The use of digital financial services has the potential to address women’s preferences in new and exciting ways, as well as to reduce the cost and time of service delivery. In Malawi, for example, with UNCDF support, Women’s World Banking and NBS Bank designed the Papfupi Savings Account to give “mtima myaa” or “peace of mind” to its clients. It does so by using mobile phones in rural areas as a transaction point to make deposits and withdrawals, and with the help of the mobile sales team, clients can even open an account in ten minutes from anywhere. The product conveys information simply and visually so that the customer does not need to be literate.
In Niger, evidence from the social cash transfer programme demonstrates that the greater privacy and control of mobile transfers compared to manual cash transfers shifts intra-household decision-making in favour of women.
In Kenya, the arrival of mobile money transfers increased women’s economic empowerment in rural areas by making it easier to request remittances from their husbands who migrated to urban areas for work.
In India, trust was a particularly important issue for women, especially when dealing with unfamiliar mobile technology.
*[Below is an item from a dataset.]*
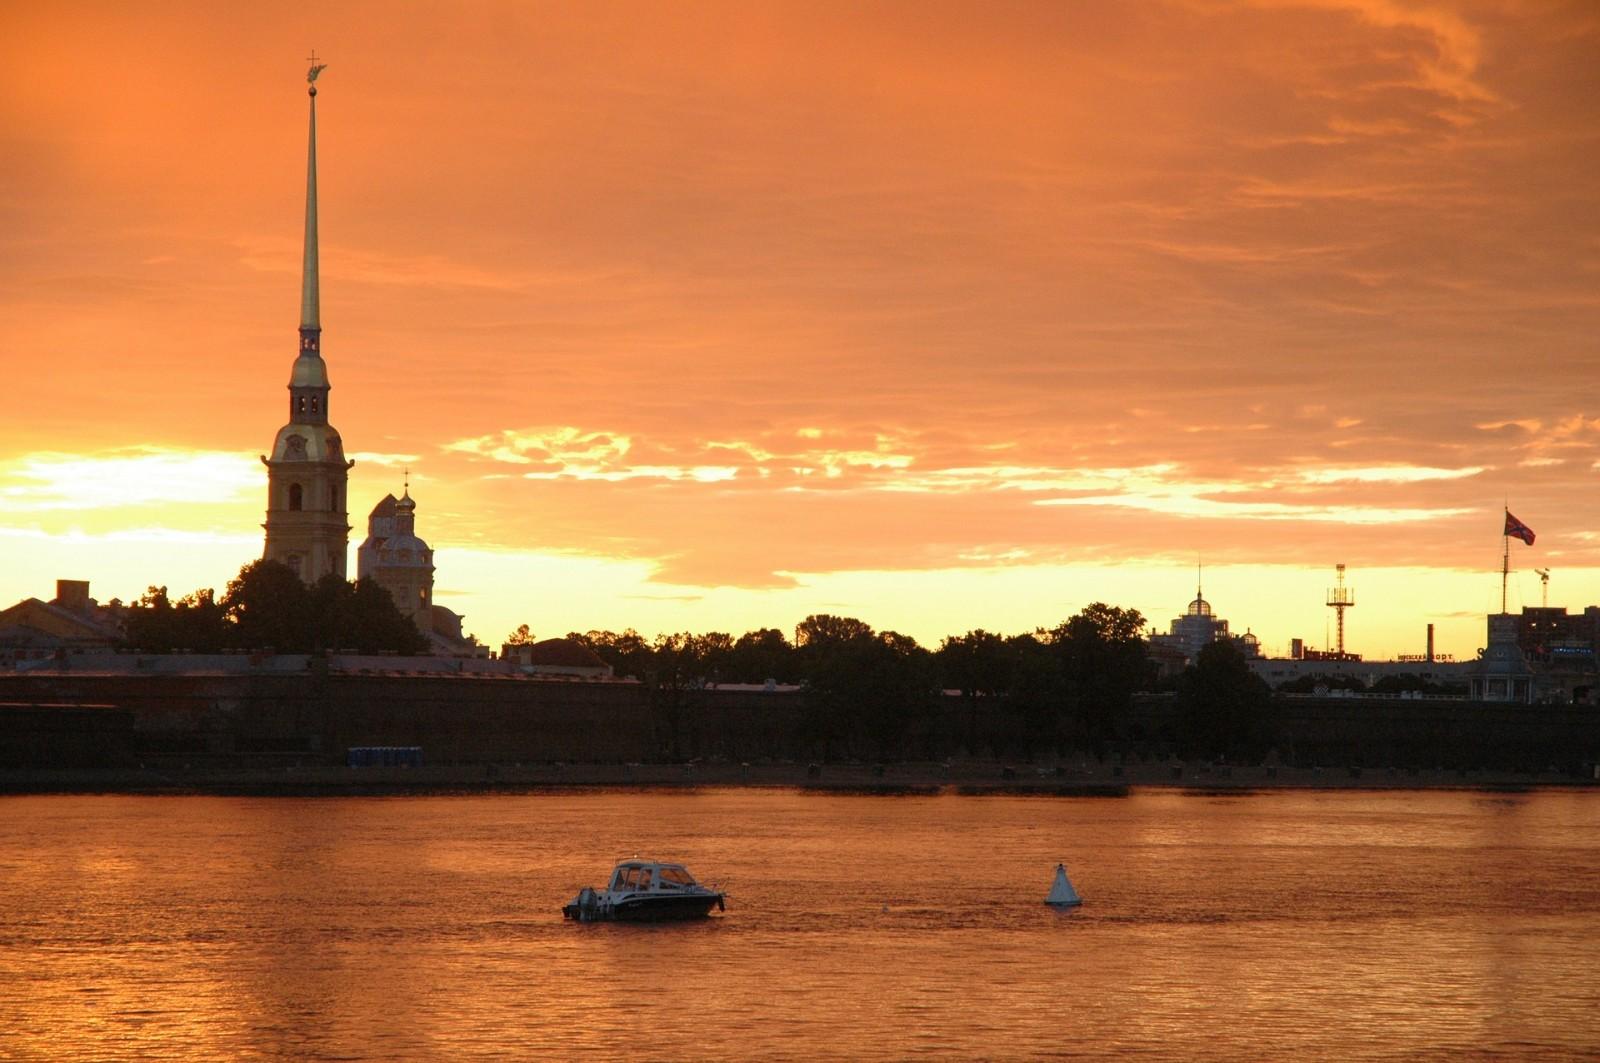 St. petersburg, Russia, Pixabay.com

In these settings, agents played an essential role in training and supporting women in their use of the technology.
Digital financial services can be offered in many forms including Automated Teller Machines (ATMs), point of sale terminals, cards (pre-loaded or debit), and, particularly promising for women, mobile phones. However, the “digital divide” between women and men cannot be ignored. In many contexts, women have less access and are less adept in the use of technology. For example, the large gaps in mobile subscriptions (there are some 300 million fewer women subscribers than men worldwide) and ownership (women in developing countries are 21 percent less likely to own a mobile phone than men) means that if digital financial services are going to deliver on their promise to women, these gaps in awareness, access and use of technological devices need to be taken into consideration.
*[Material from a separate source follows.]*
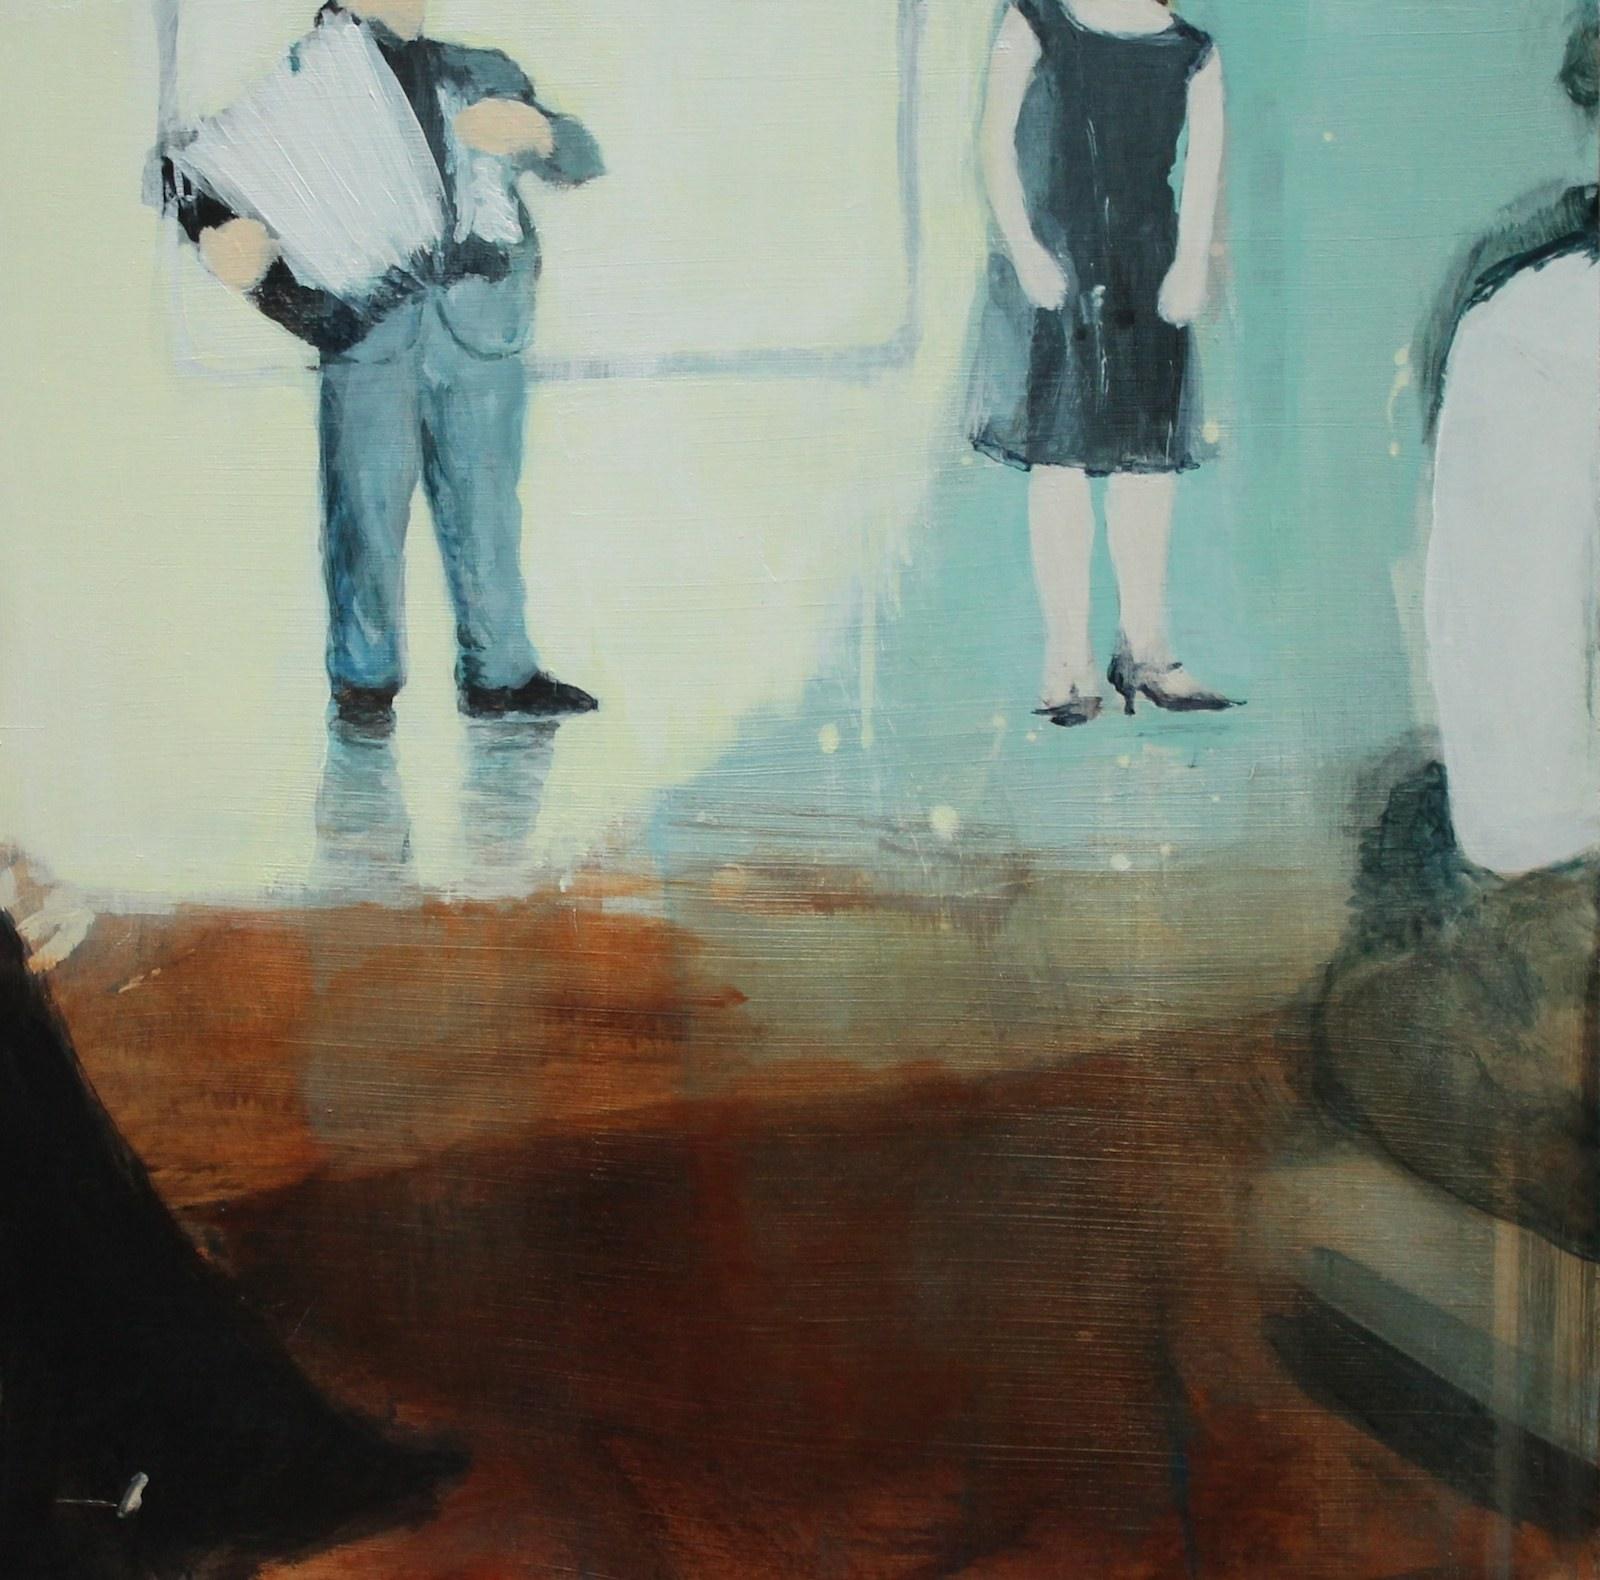 Duet 40 cm x 40 cm, acrylic on mdf, 2019

Take, for example, the Benazir Income Support Programme (BISP) in Pakistan. It was thought that mobile phones would be a low-cost and convenient way for women in remote areas to interact with a bank. The reality was that many of the women neither had a phone nor knew how to use it. This experience and others like it point to the importance of ensuring that the product is simple and easy to use, and that adequate customer support or training is provided — particularly for illiterate women who have little experience with technology, financial services or both.
Governments also have an essential role by creating an enabling regulatory environment, establishing an appropriate financial consumer protection framework and catalysing a digital ecosystem. They also have a responsibility to remove discriminatory practices and laws for women’s access to finance.
The links between financial inclusion — particularly for women — and broader development goals is increasingly being recognised on the global stage. Greater inclusion has a strong potential to push the frontiers of markets. Addressing the demand and supply issues of financial inclusion for women could offer pathways to new and additional market opportunities that eventually lead to the growth of economies as a whole, not only for women. Indeed, the latest draft of the post-2015 Sustainable Development Goals features financial inclusion as a key enabler to multiple goals. The links between financial inclusion, digitisation and the global growth agenda are priorities for the Turkish G20 Presidency.
Digital financial services have the potential to close the access and usage gap between men and women. Deliberate efforts on the part of governments and providers can help put the tools in the hands of the women ready to use them.